Wanderlust
Solange Amado
Ele morreu ontem de manhã. Tudo bem. Morrem-se todos os dias.
E ele era bem frágil. Algo inevitável. Agora ela está assim, cansada,
nostálgica, culpada. A sensação de um vazio oceânico. Os que ficam se sentem
assim, abandonados, traídos, culpados. Até onde contribuíram com essa morte?
Até onde foi esse “nem te ligo” dela,
que fez ele entregar os pontos cedinho numa manhã radiante.
Ela aprendeu há muito, a erguer a cabeça, que a vida é
combate. Não obstante, os olhos se enchem de lágrimas, pra seu supremo vexame.
Lágrimas por um passsarinho! Que nem era íntimo dela. Vai ver é a fragilidade
da velhice, que vai fazendo das vivências um novelão mexicano.
Ele a visitava esporadicamente. Cedinho. Pousado no parapeito
da janela, encolhido do lado de fora do vidro. Frio comendo. E cantava seu
canto ali mesmo, quando o sol começava a espiar tímido o mundo . Diga-se de
passagem, o repertório era pífio. Coisa assim de “samba de uma nota só”. Mesma
melodia. Mas ainda assim, era delicado e meigo. Coisa de passarinho mesmo. Sem
notas dissonantes.
Tantas janelas e ela era a homenageada. Acabado o canto e o
quentinho de uma nesga de sol, lá ia ele alçando voo para lugar nenhum. Ela
nunca se lembrou de botar uma comidinha, uma água, de fazer um cafuné
esporádico. Será que ele sentiu essa indiferença? Será que poderia ter sobrevivido
se aquela alma empedernida se mostrasse mais sensível?

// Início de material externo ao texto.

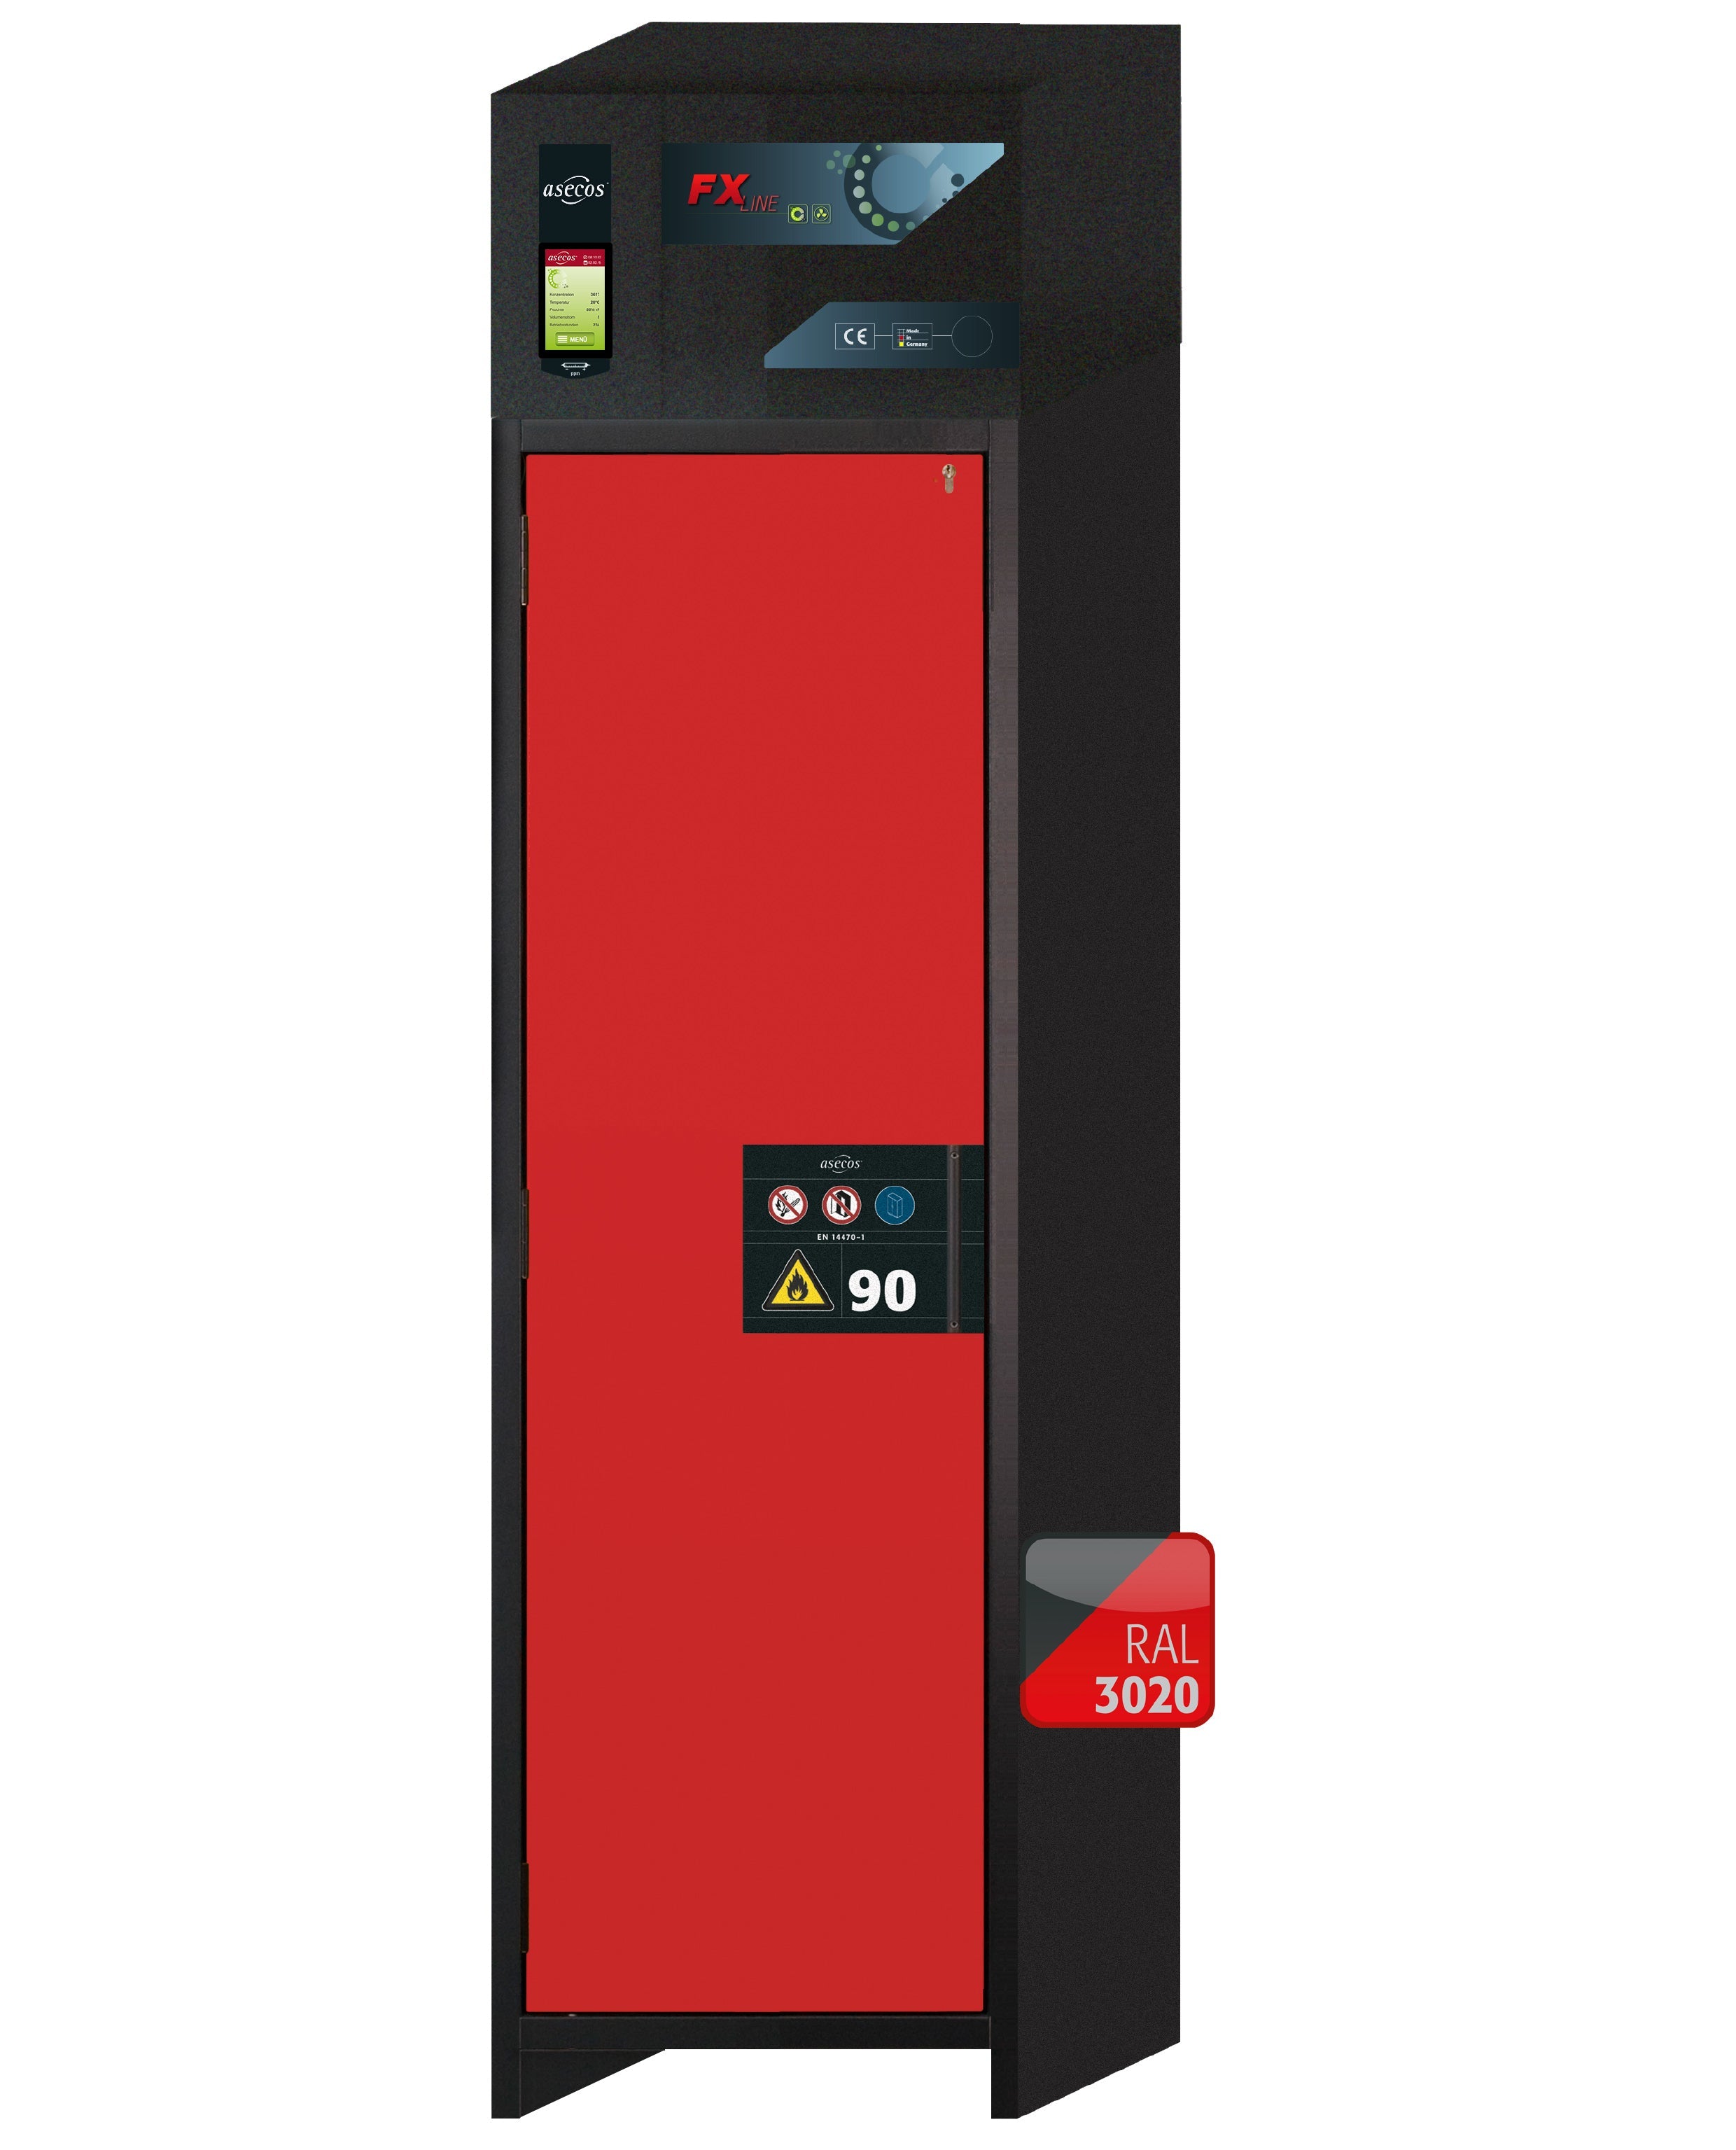 Armoire de filtration d'air de recirculation de type 90 FX-PEGASUS-90 modèle FX90.229.060.WDAC en rouge signalisation RAL 3020 avec 3x pieds de plateau standard (acier inoxydable 1.4301)

Não. Ela tenta se convencer. Ele nunca declarou
explicitamente o seu amor. E ela sempre foi cautelosa. Sempre evitou dar bom
dia a cavalo. Mas bom dia a passarinho seria um vexame menor. Podia ter se
arriscado. E essa culpa incomoda feito coceira de carrapato!
Alguém o matou, sem dúvida. Tinha uma pequena ferida na
cabeça. Um estilingue talvez. E ele não cantou ontem de manhã. Talvez tenha
vindo em busca de socorro. Ela não percebeu
com sua indiferença imperdoável. Ou quem sabe, veio só se despedir,
simples, humilde, no cantinho da janela. Sem alardes, sem exigências. Talvez
intuísse que, debaixo daquela couraça velha tinha alguma coisa macia e gentil,
que causa sofrimento: a frieza doce de um sorvete. Os passarinhos sabem. É só
quebrar o gelo.
Na verdade, a única palavra a ser dita em defesa da alma
confusa que habita o quarto do décimo primeiro andar, aquele, objeto de escolha
do passarinho nas suas manhãs cantantes, é que as boas intenções não
adiantariam mesmo. Domesticar o bichinho seria como roubar-lhe o canto, o
encanto das manhãs frias do outro lado do vidro.
A única coisa que consola é que os passarinhos, no dizer da
psiquiatra Nise da Silveira, (cujos objetos de amor, no entanto, eram os gatos),
os passarinhos têm uma “natureza borboleteante”, uma liberdade de
desorganização. A beleza é assim, a arte é assim, criatividade é assim. Os
passarinhos são assim.
Seja lá onde vá parar com sua melancolia , ela vai sobreviver
por aí, borboleteando sua liberdade de desorganização, sem máscaras, porque
também padece desse “wanderlust” alemão, esse prazer de vagar, como os
pássaros. No seu caso, pelas palavras. Tá valendo.